My post last week on the likely non-Jewishness of George Zimmerman, Trayvon Martin’s likely killer, clearly struck a chord. A profile that ran over the weekend confirmed that he isn’t: no matter the surname, and whether or not (as many news reports had it) he is Latino, the Zimmermans are faithful, zealous Catholics. The article also noted that Zimmerman’s ambiguously ethnic appearance as well as that surname lent themselves to precisely such speculation: “His father is white, neighbors say. His mother is Latina. And his family is eager to point out that some of his relatives are black,” the Washington Post reported. “There may be no box to check for George Zimmerman, no tidy way to categorize, define, and sort the 28-year-old man whose pull of a trigger on a darkened Florida street is forcing America to once again confront its fraught relationship with race and identity.”

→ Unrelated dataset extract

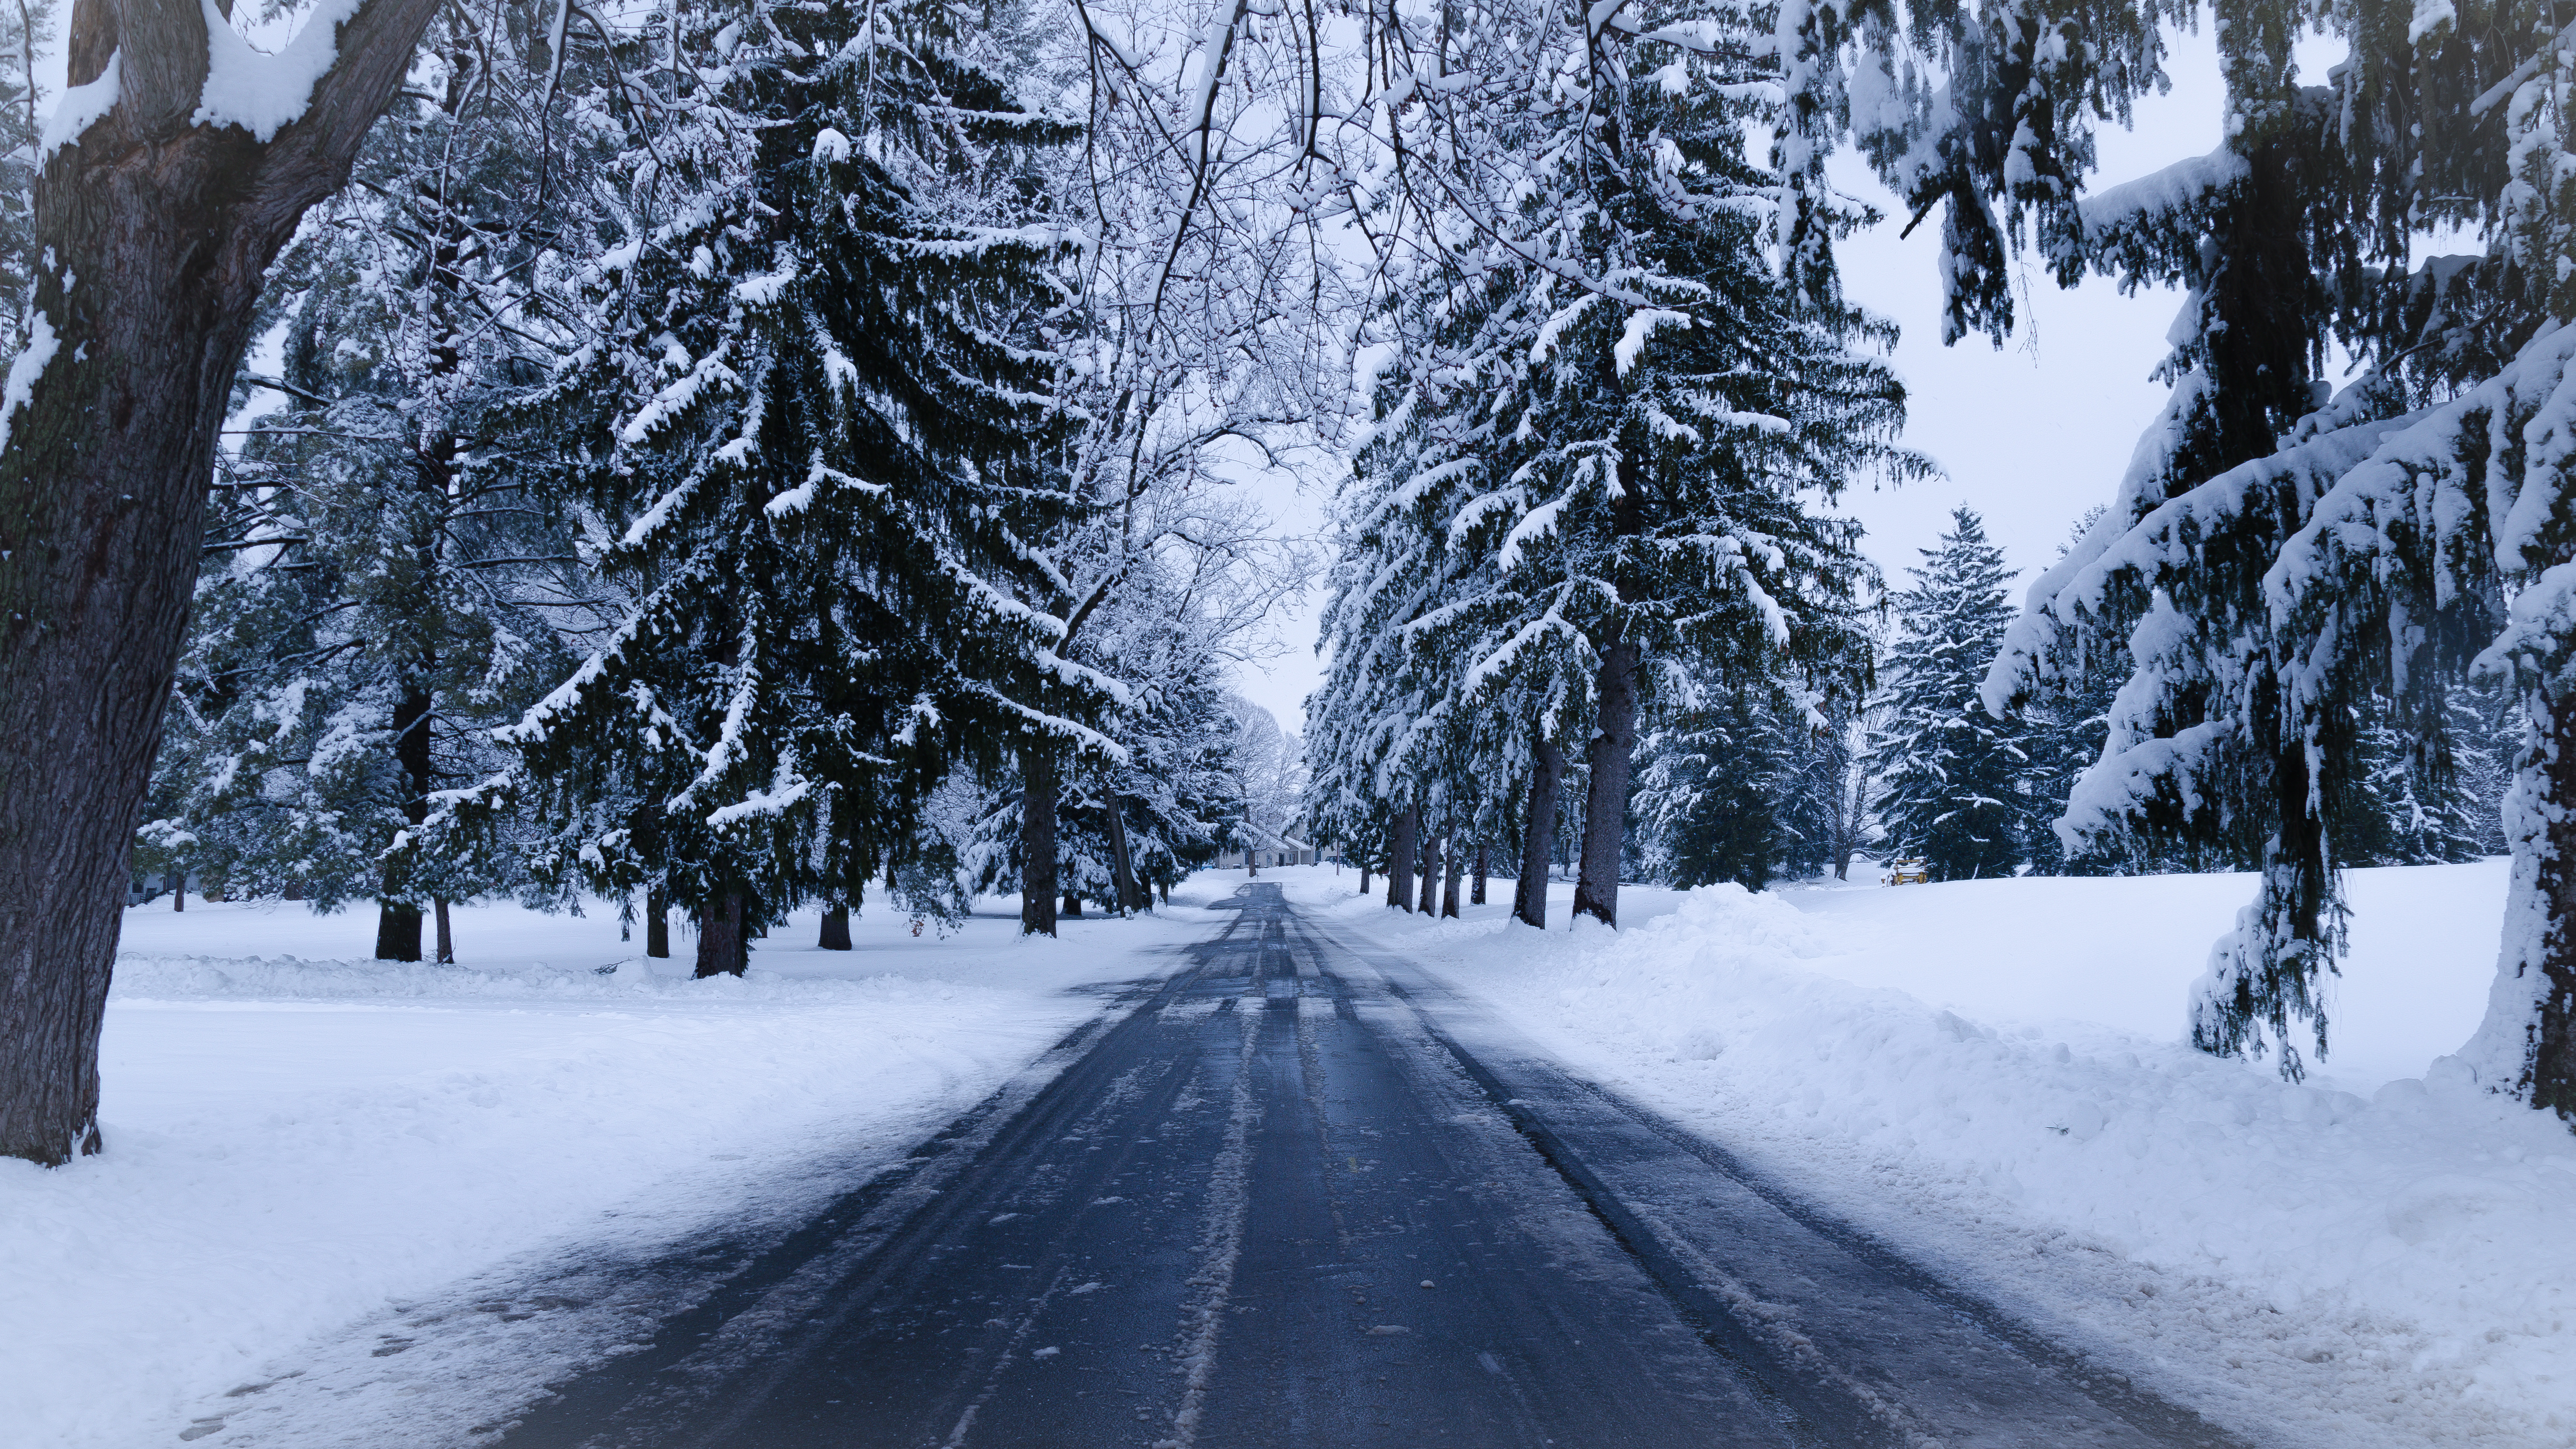 Popular Winter Landscape images for mobile phone

I think the smartest comment on my post came from “Marc” (and, no, it wasn’t me). “Wow—I think this whole conversation says a lot about us,” he said. “Of course, the knee-jerk reaction to his name by us Jews is understandable. You never want to see ‘one of the tribe’ do something so egregious.” Or as a friend of mine put it to me when I first published the article, “This”—that is, this need to know (and deny) that Zimmerman is one of us—”is how we know we’re still a minority.”
Of course, there are more dangerous ways to be a minority. You could, for example, be a black kid wearing a hoodie.